* [WORK INSTRUCTIONS] Set down all of the data exactly. Pictures stay out of the copy.

* [PROVIDED MATERIAL]
──────────

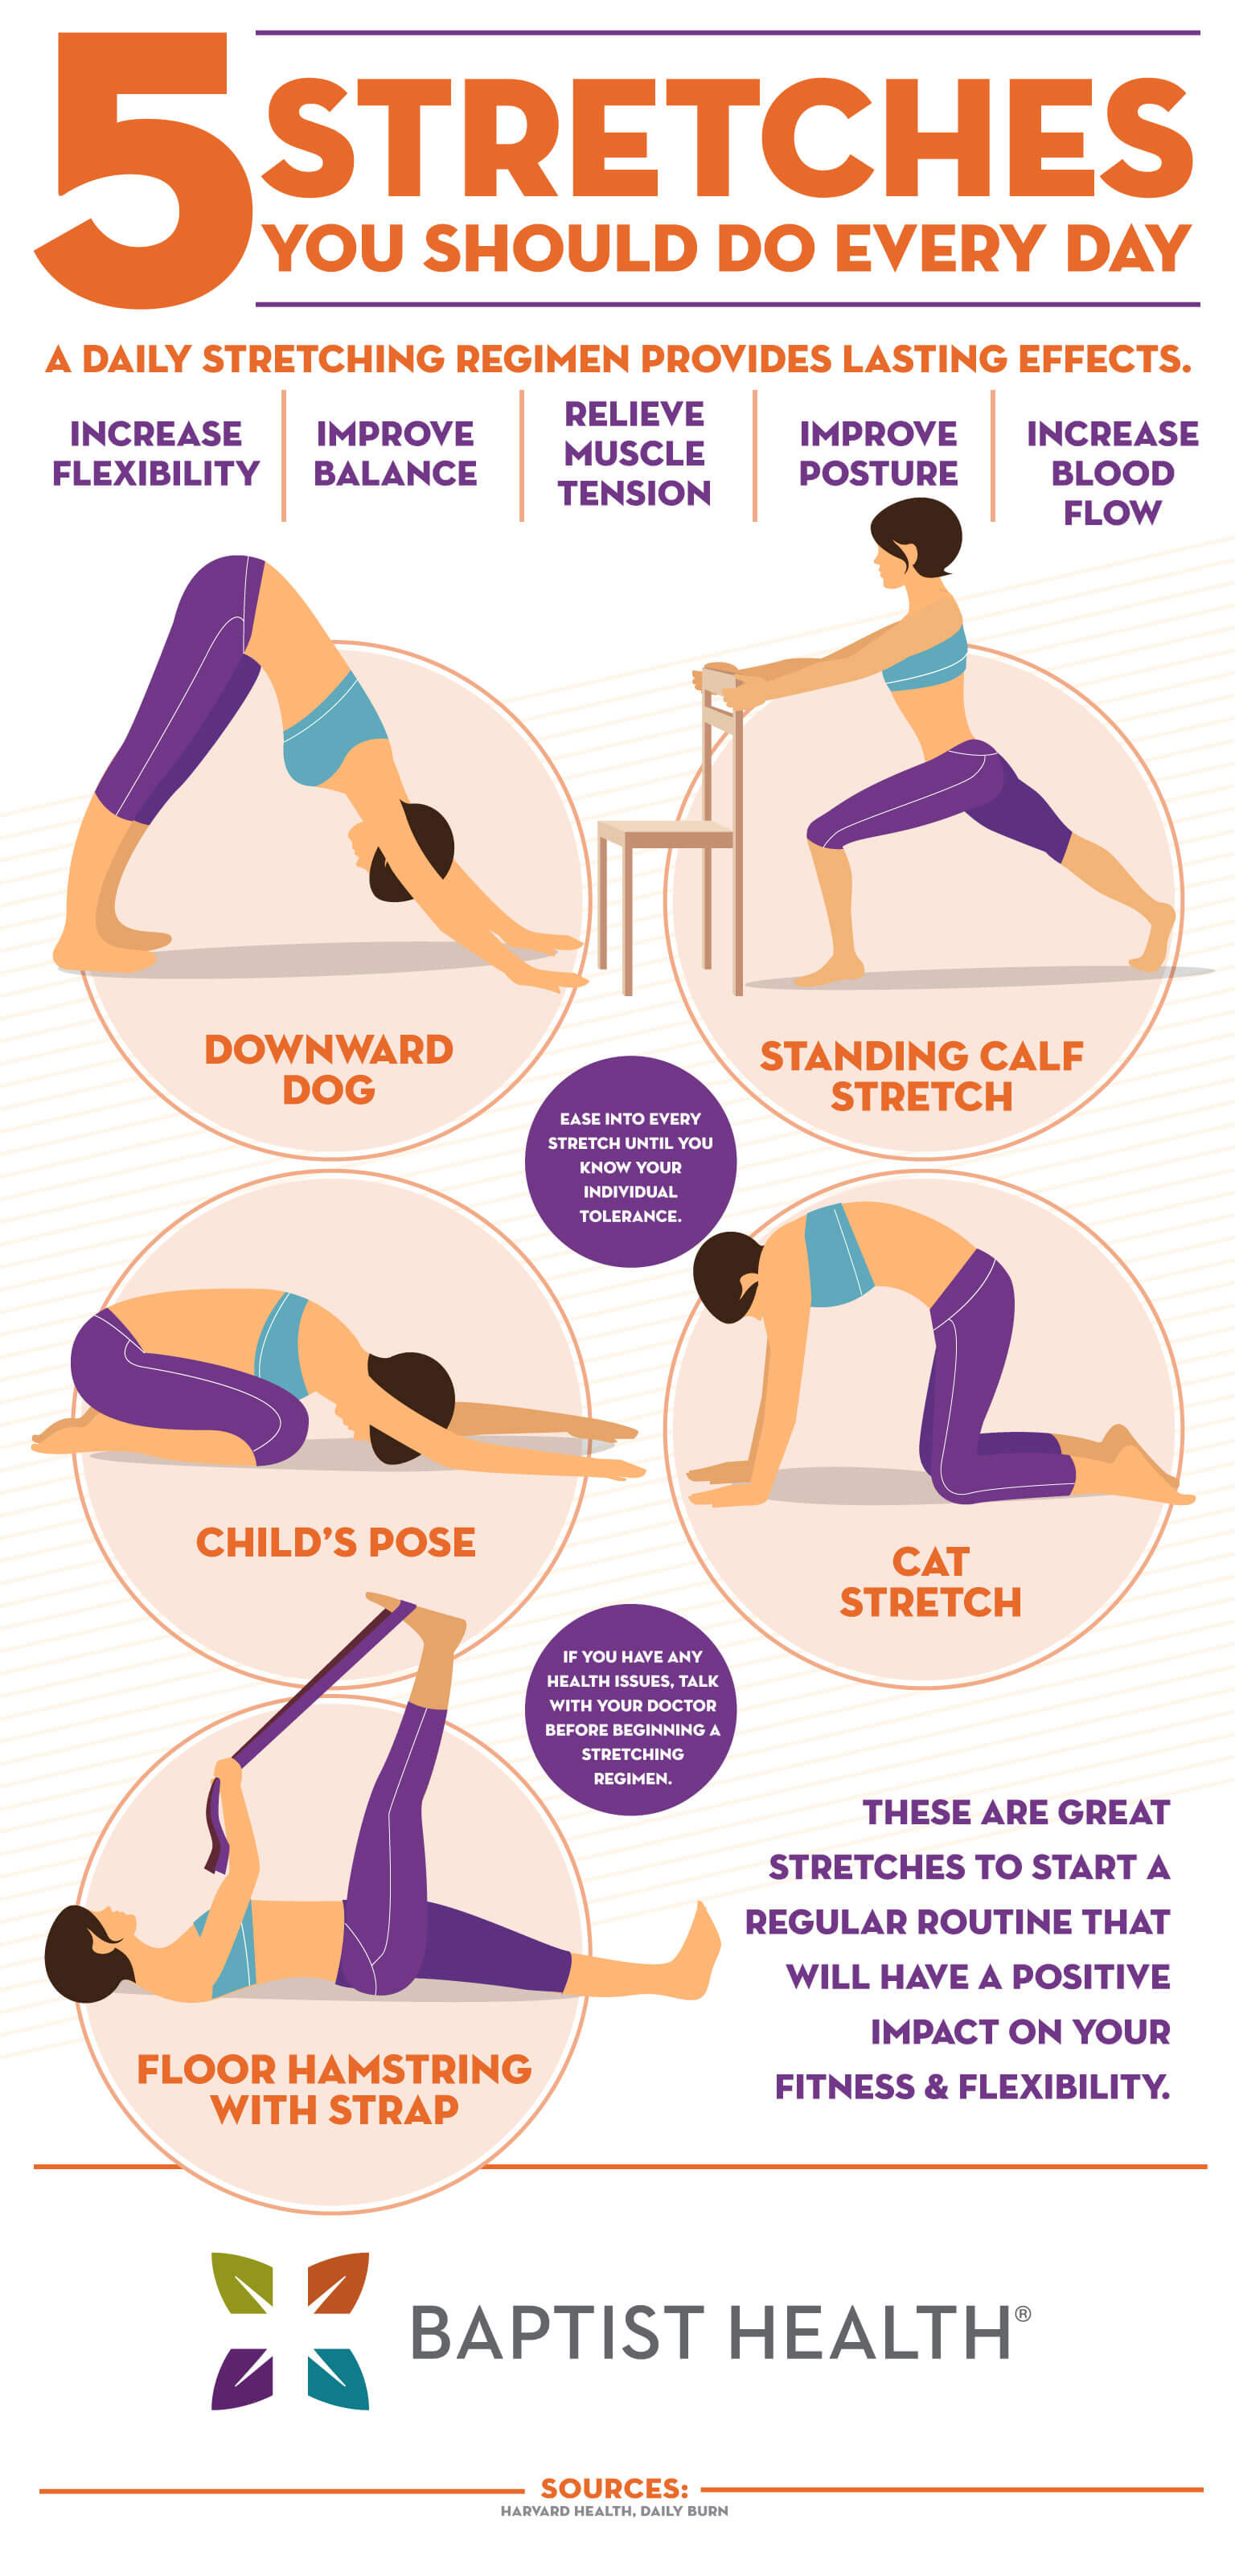 4 Essential Stretches That Improve Your Balance
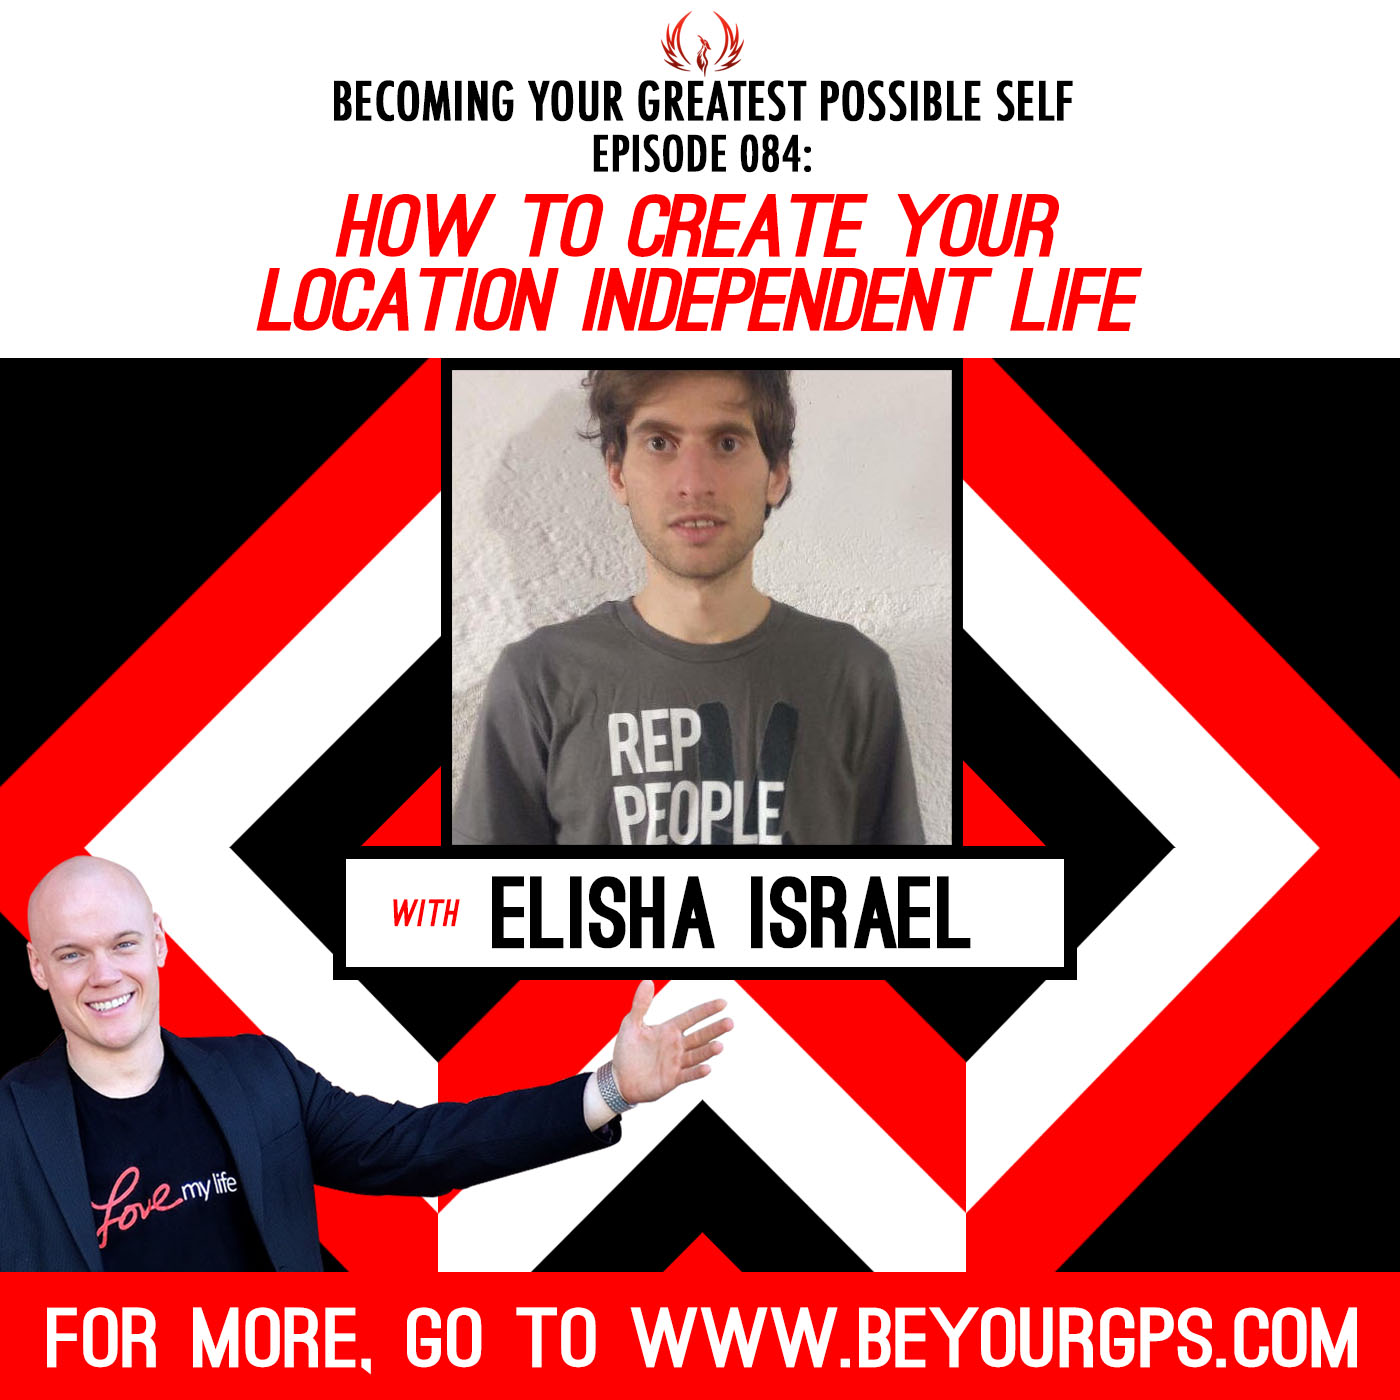 How To Create Your Location Independent Life with Elisha Israel
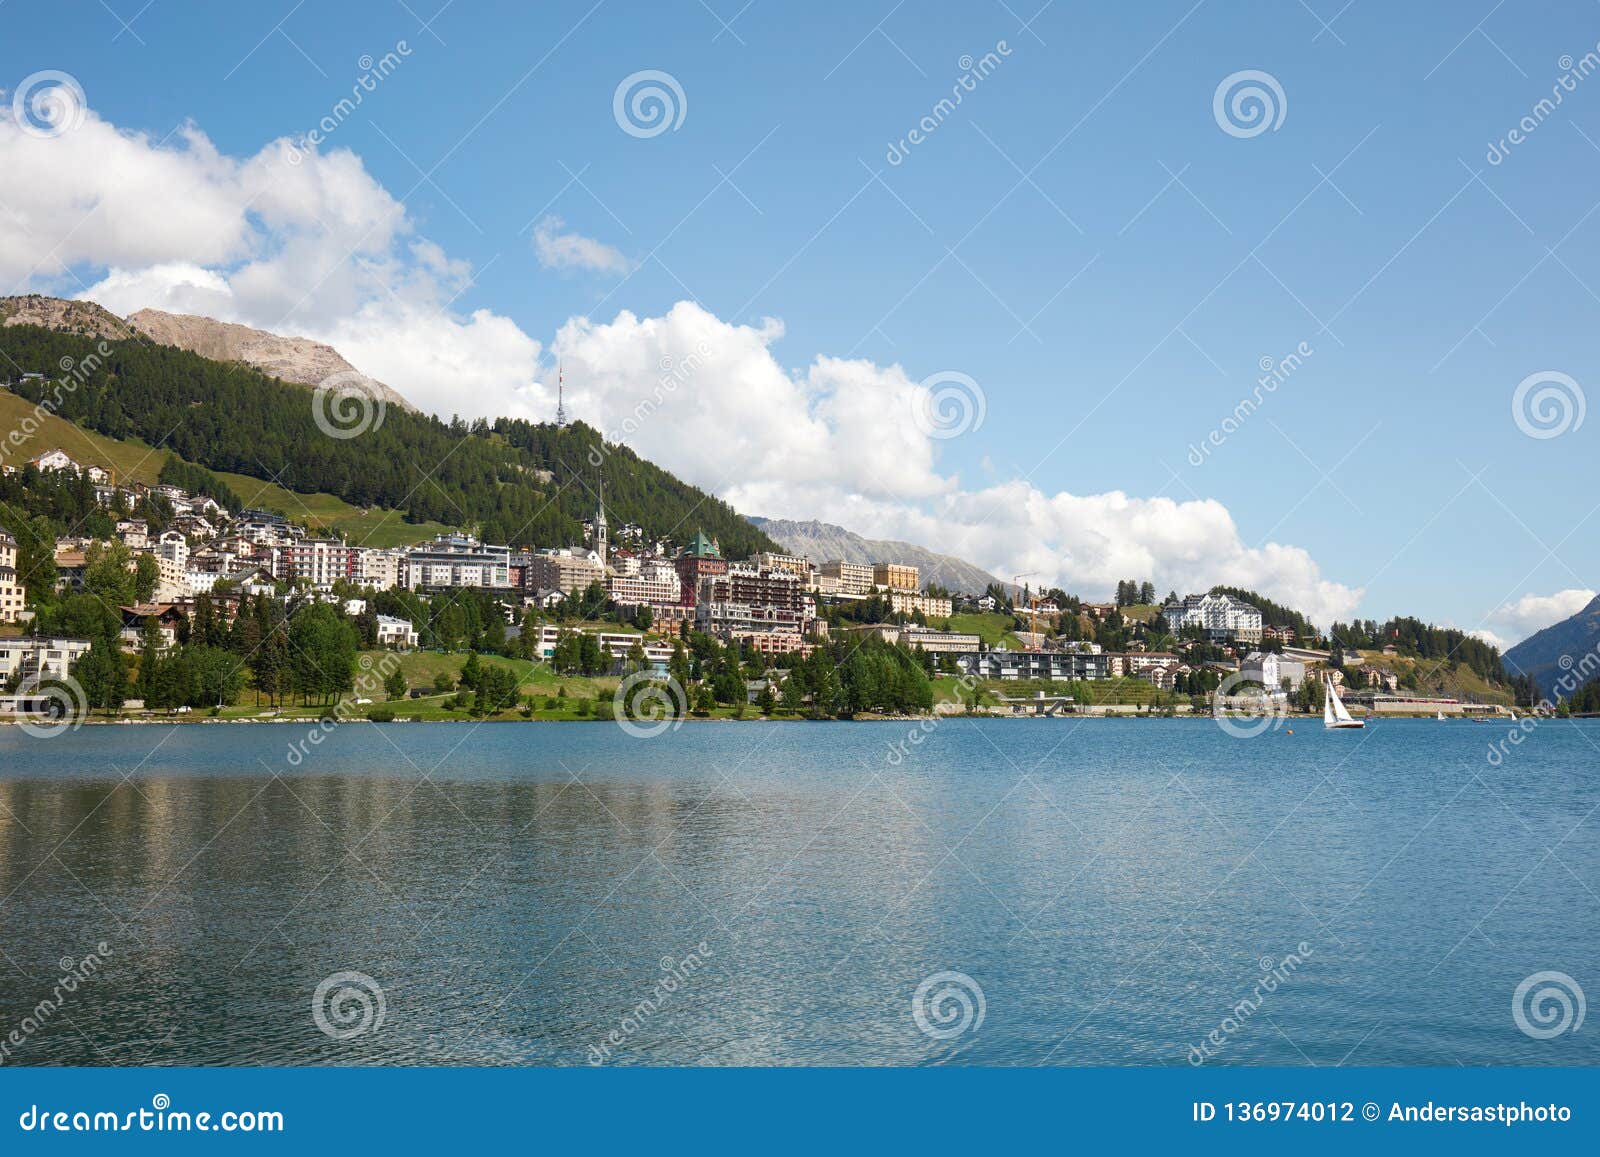 sankt moritz town, lake and sail boat in a sunny summer day in switzerland

──────────

* [ANSWER FOR THIS EXERCISE]
 4 Essential Stretches That Improve Your Balance
 How To Create Your Location Independent Life with Elisha Israel
 sankt moritz town, lake and sail boat in a sunny summer day in switzerland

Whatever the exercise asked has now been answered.